◆ Problem
The output should match, line for line, the records from the line containing "Scottish insults are the best" through the line containing "Young attentive woman", with every picture left out.

◆ Records for this task
┄┄┄┄┄┄

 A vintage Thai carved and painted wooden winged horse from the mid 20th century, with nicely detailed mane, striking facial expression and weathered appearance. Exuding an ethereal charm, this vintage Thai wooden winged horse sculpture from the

┄┄┄┄┄┄

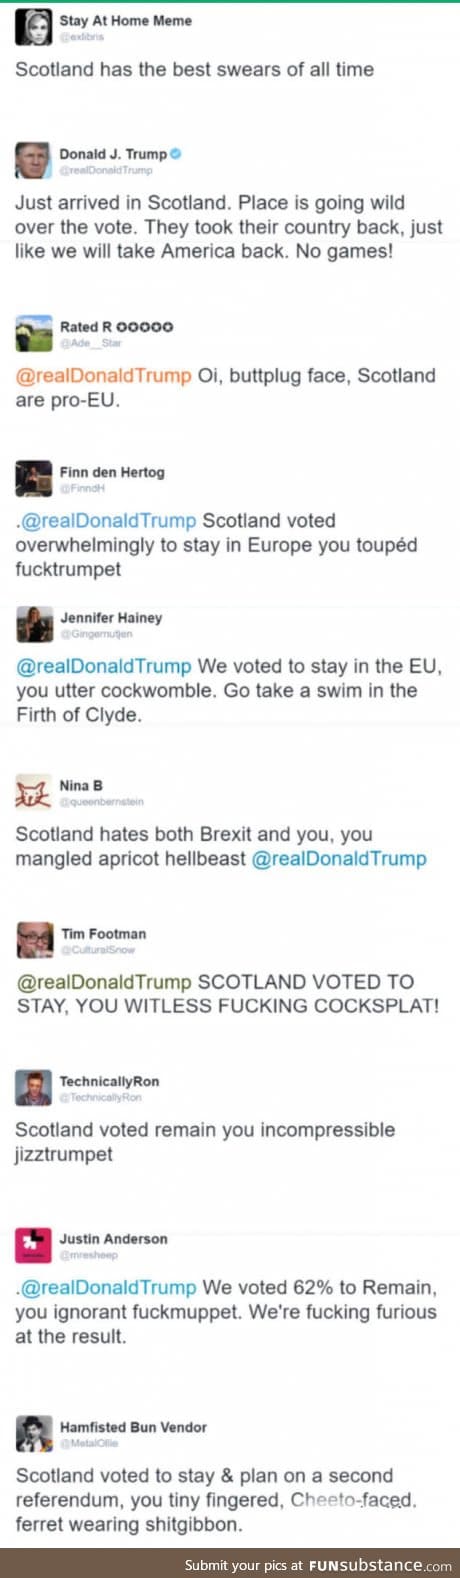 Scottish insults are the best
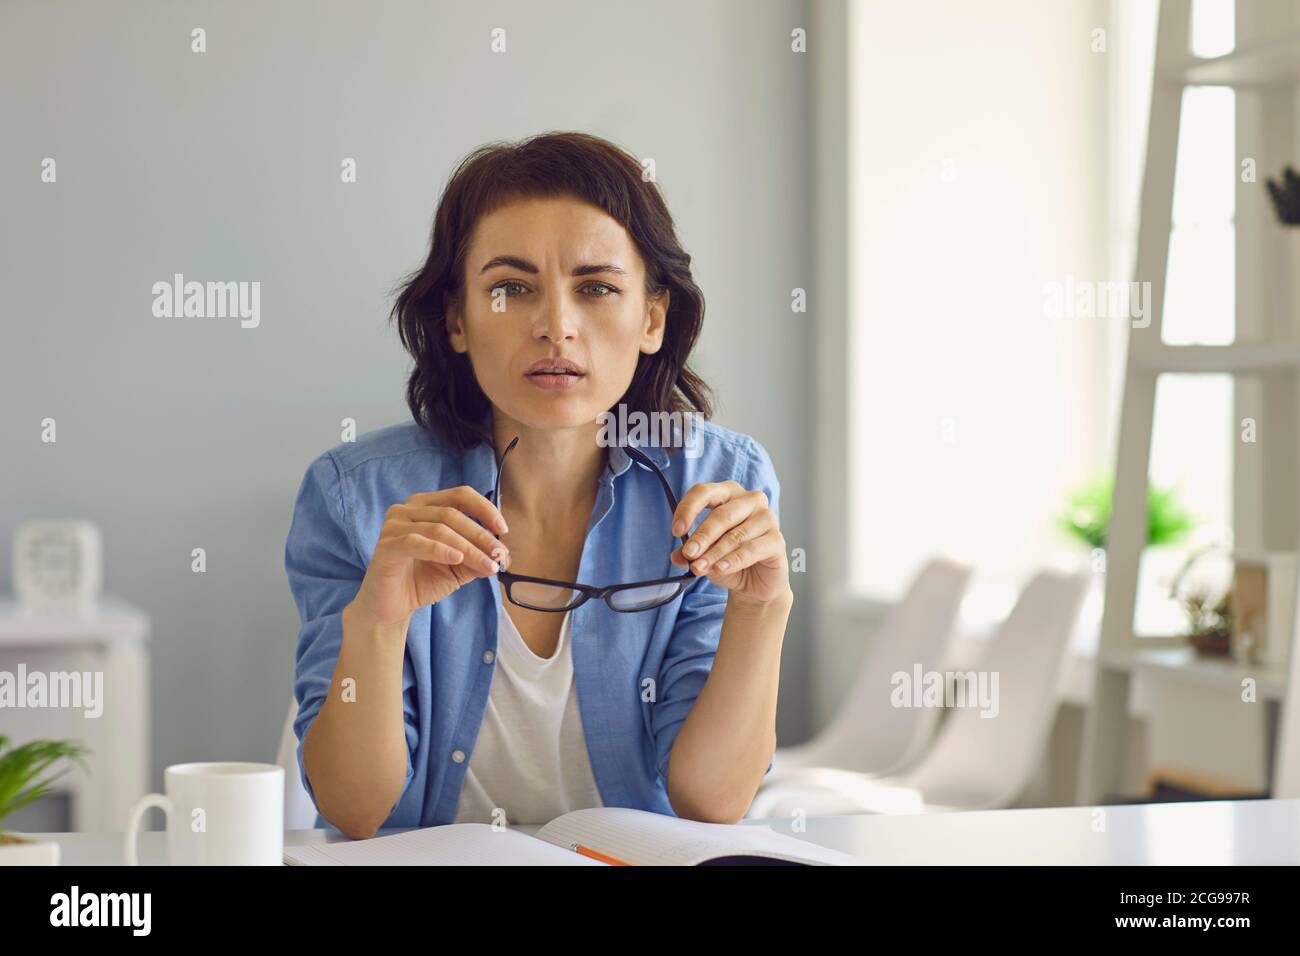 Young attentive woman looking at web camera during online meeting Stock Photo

┄┄┄┄┄┄

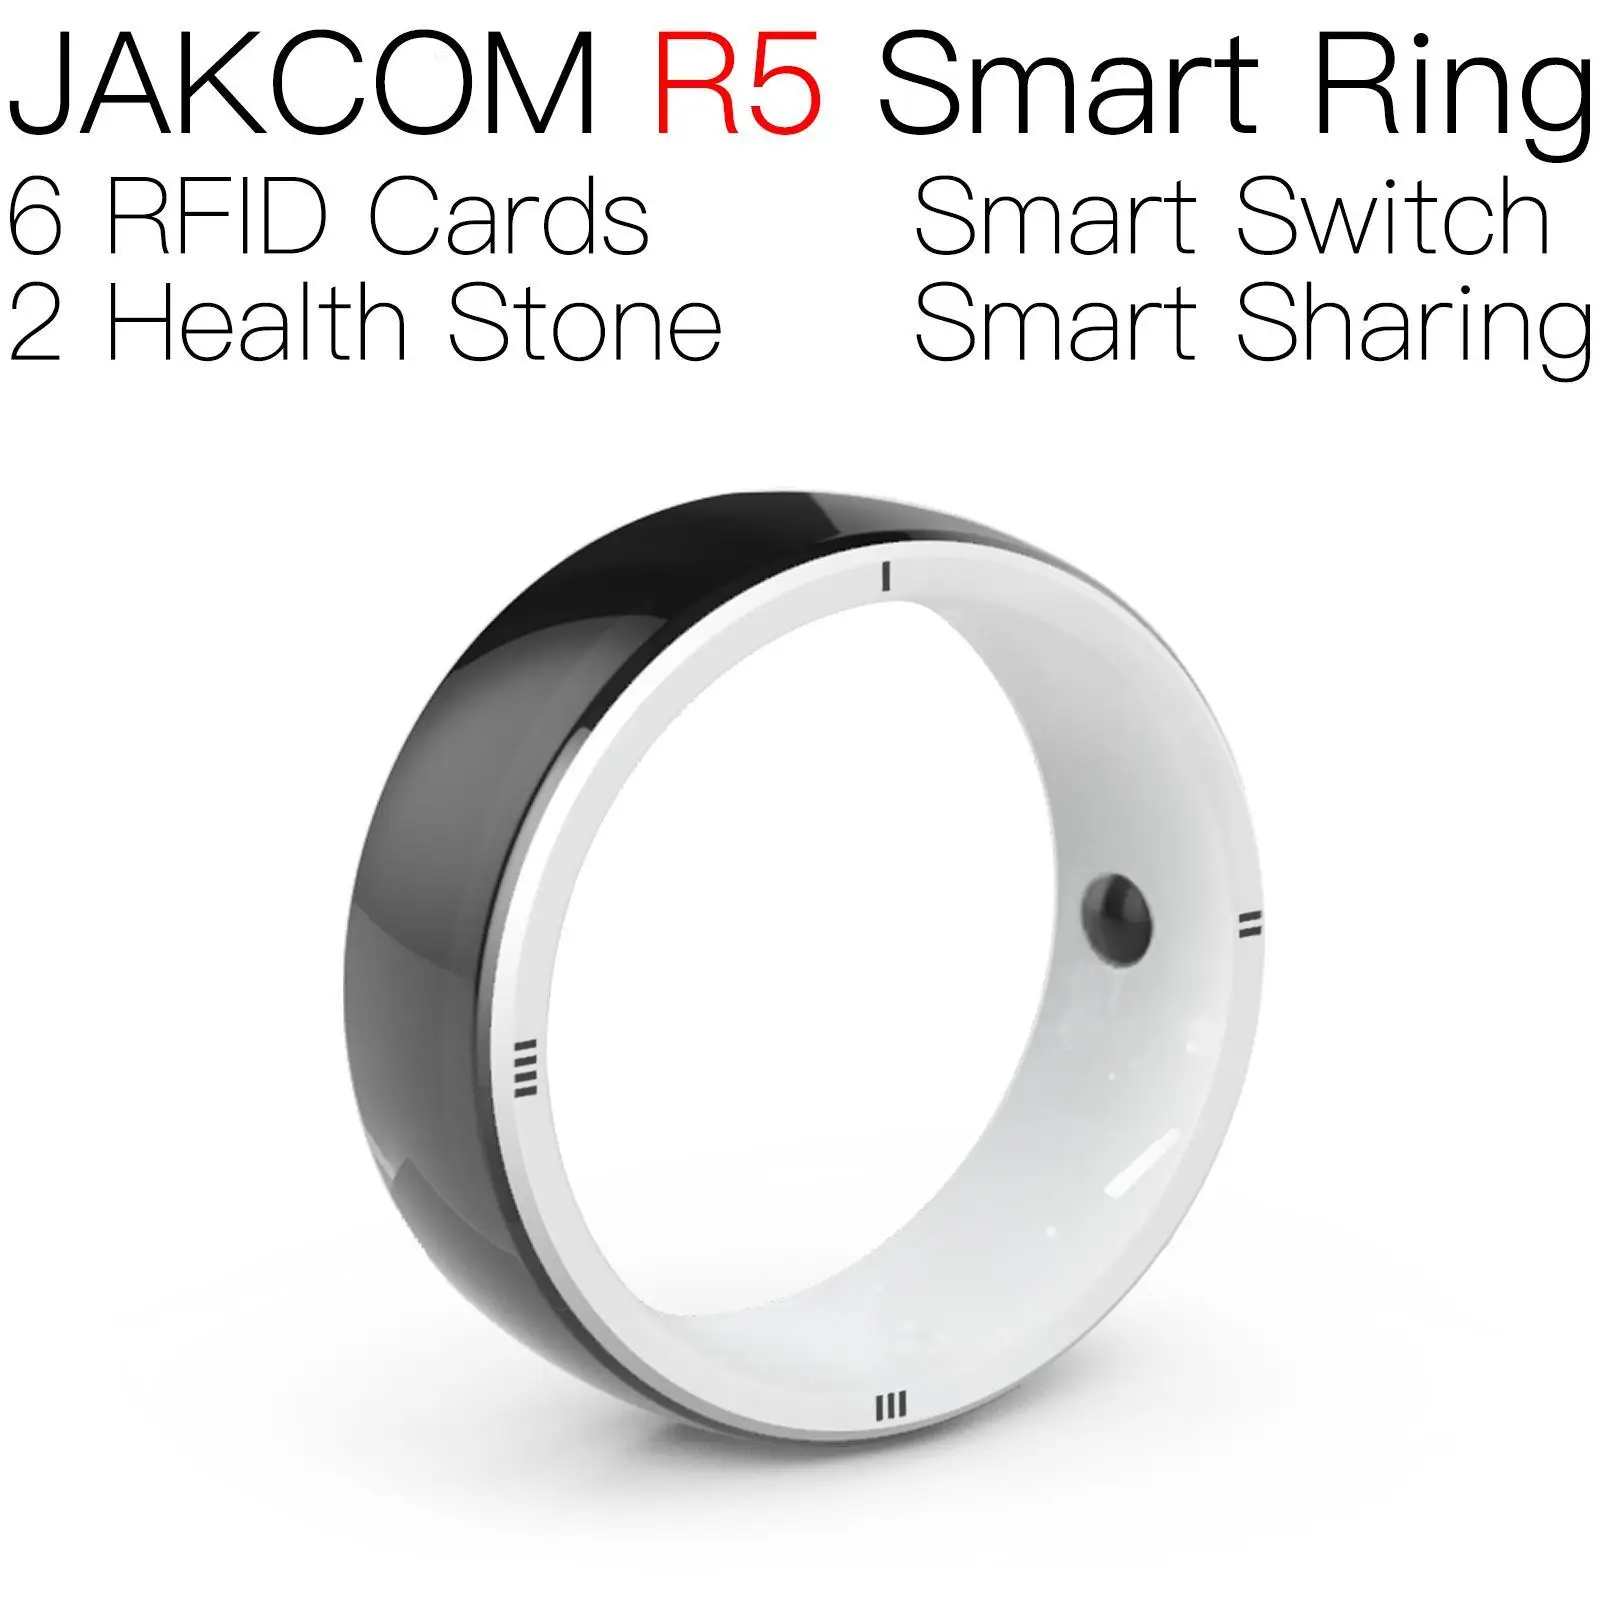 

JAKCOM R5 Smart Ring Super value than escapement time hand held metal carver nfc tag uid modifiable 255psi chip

┄┄┄┄┄┄

◆ Solution for this task
 Scottish insults are the best
 Young attentive woman looking at web camera during online meeting Stock Photo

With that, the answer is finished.